Dès le début de la Révolution, en août 1789, l’Assemblée constituante pose les principes de la liberté de conscience et de la liberté d’opinion : « Nul ne doit être inquiété pour ses opinions, même religieuses, pourvu que leur manifestation ne trouble pas l'ordre public établi par la loi. » (article X de la Déclaration des droits de l’homme et du citoyen).
Le 4 mars 1905, Aristide Briand, rapporteur d’une commission spéciale composée de trente-trois membres, présente à la Chambre une proposition d’apaisement, modérée et équilibrée.

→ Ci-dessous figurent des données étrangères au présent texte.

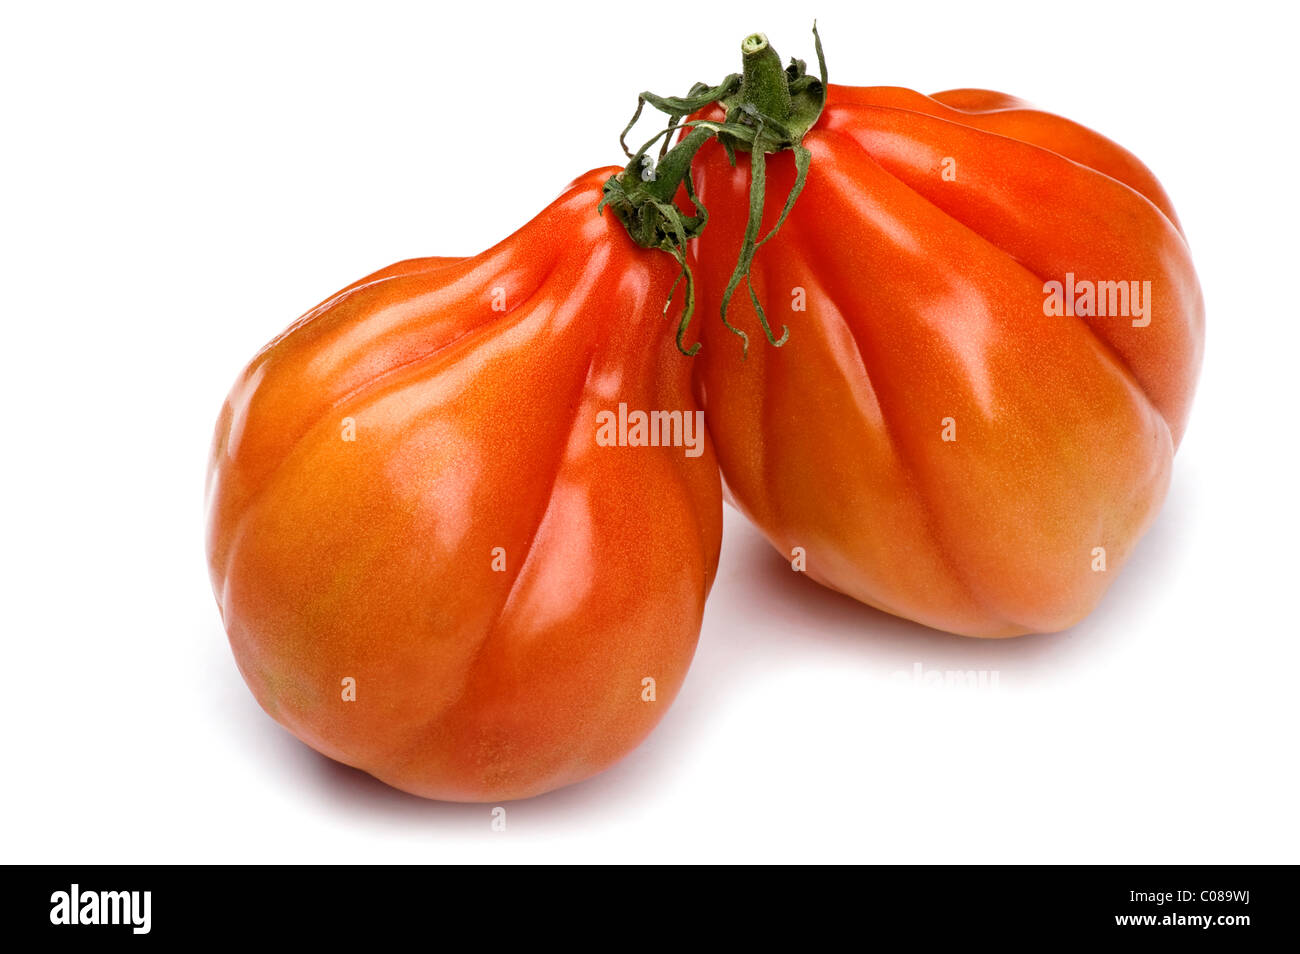 Objet sur blanc - tomate rouge alimentaire close up Banque D'Images

Le texte de synthèse est adopté par la Chambre (3 juillet) puis par le Sénat (6 décembre). La loi est promulguée le 9 décembre 1905.
Repères chronologiques
Février 1906 : L'application de la loi de Séparation donne lieu à de violents incidents à Paris et dans plusieurs départements au moment où l'administration procède aux inventaires des biens cultuels et demande l'ouverture des tabernacles. La loi de Séparation est condamnée, le 11 février 1906, par le pape Pie X dans son encyclique Vehementer nos qui critique les associations cultuelles et la compétence du Conseil d'Etat en matière de contestations relatives aux biens réclamés par plusieurs associations.;
1919 : l'Alsace (départements du Bas-Rhin et Haut-Rhin) et la Moselle, sous contrôle allemand en 1905, redevenus territoires français obtiennent de conserver leur statut concordataire dont l'application est précisée par les lois du 17 octobre 1919 et 1er juin 1924.